= Dataset extract =
Start of Block
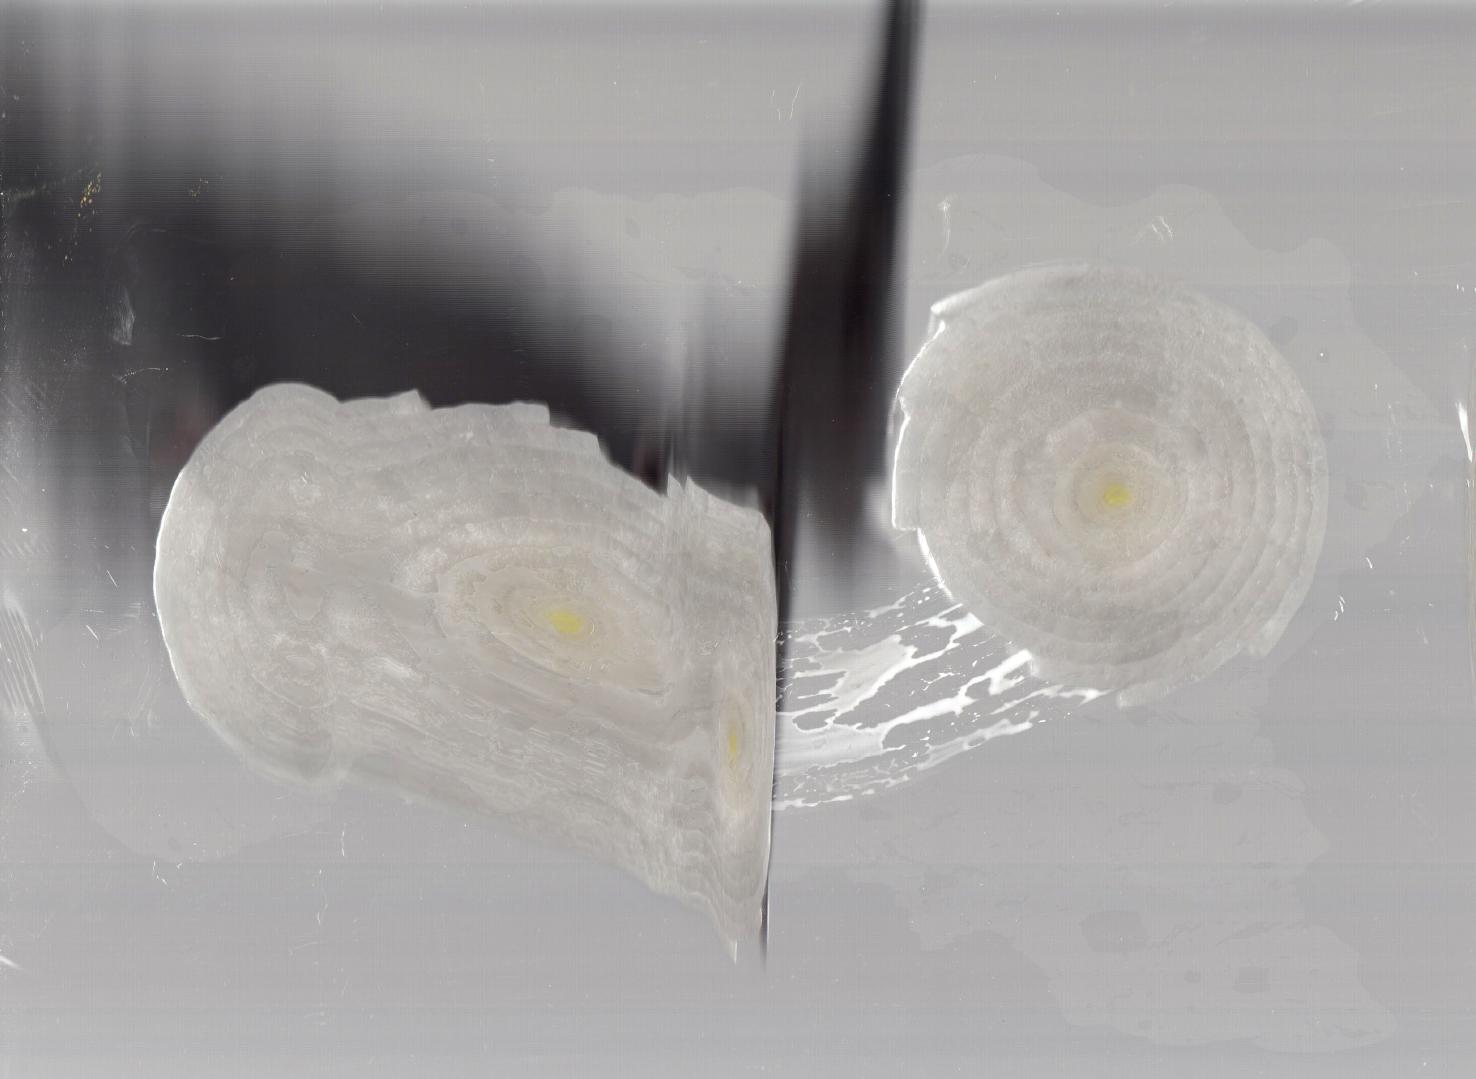 sara chaudhuri-onion scan
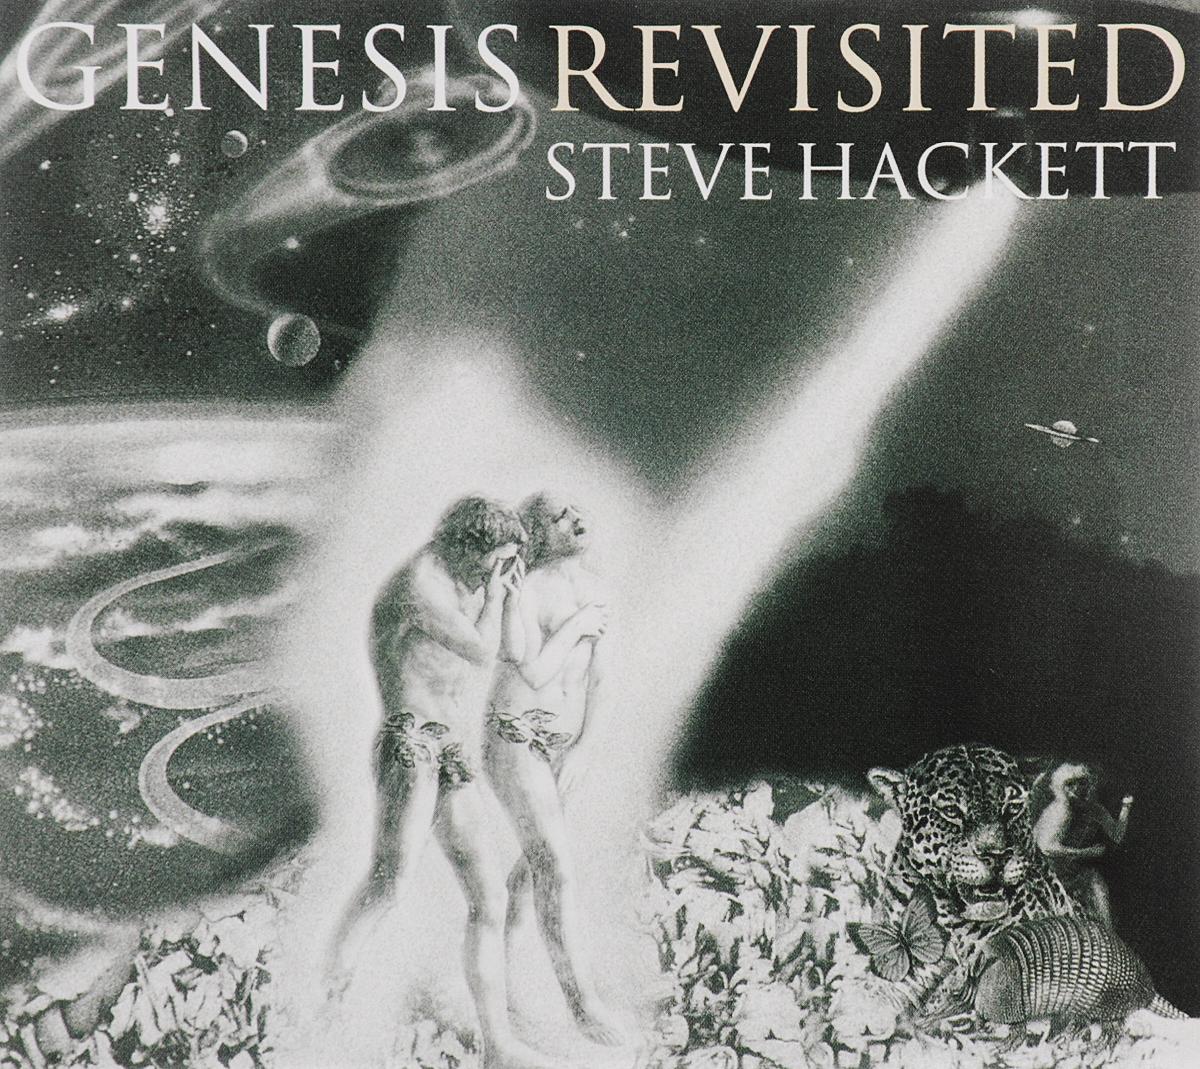 Стив Хэкетт Steve Hackett. Genesis Revisited стив хэкетт steve hackett genesis revisited live at hammersmith 3 cd 2 dvd
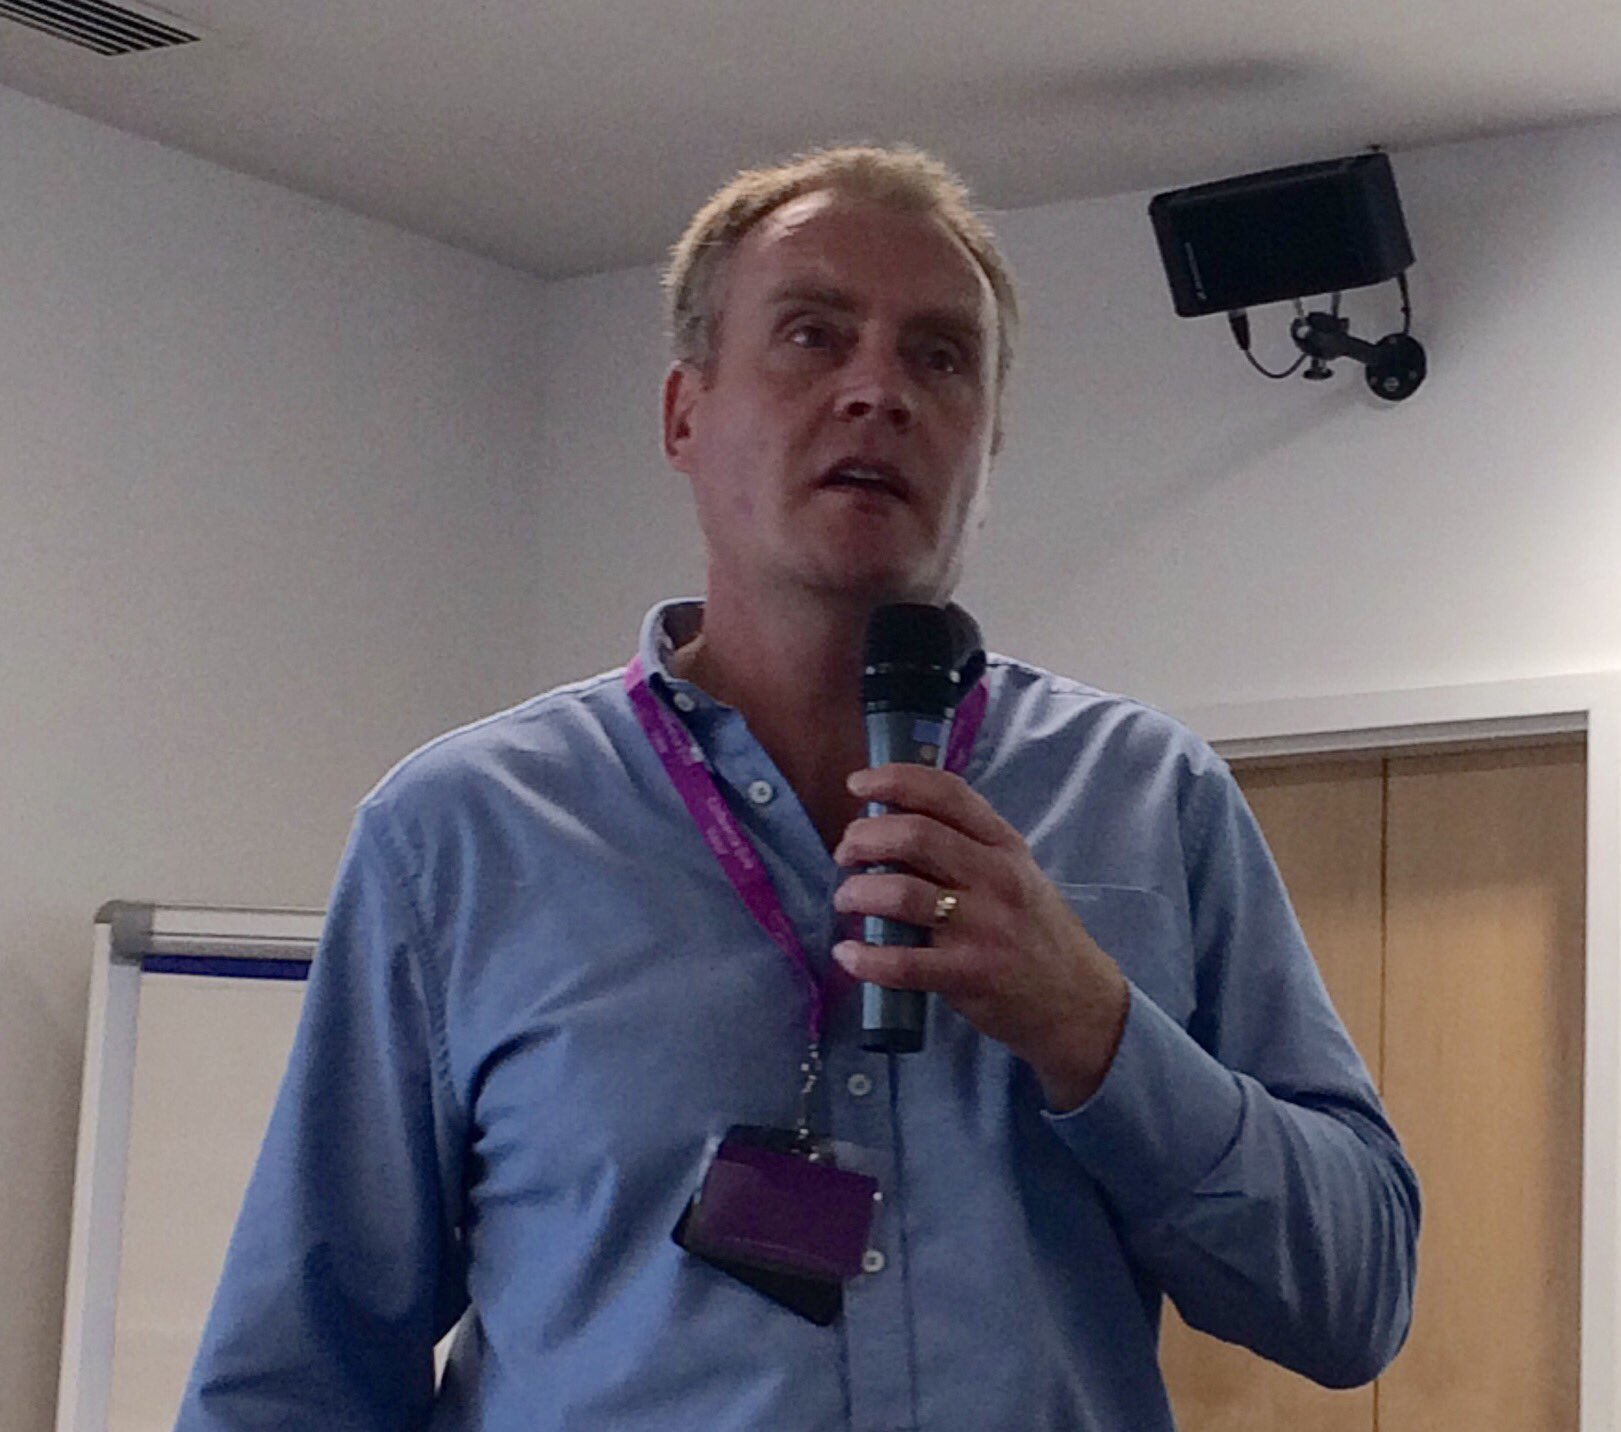 Dr Steven Buchanan kicks off #scotinfolit with a fantastic insight into information behaviour @UniStrathclyde https://t.co/6x1aafngaA
End of Block
= Work to be completed =
Please repeat every line from the listing above exactly as it appears. Drop the pictures.

= Written answer =
 sara chaudhuri-onion scan
 Стив Хэкетт Steve Hackett. Genesis Revisited стив хэкетт steve hackett genesis revisited live at hammersmith 3 cd 2 dvd
 Dr Steven Buchanan kicks off #scotinfolit with a fantastic insight into information behaviour @UniStrathclyde https://t.co/6x1aafngaA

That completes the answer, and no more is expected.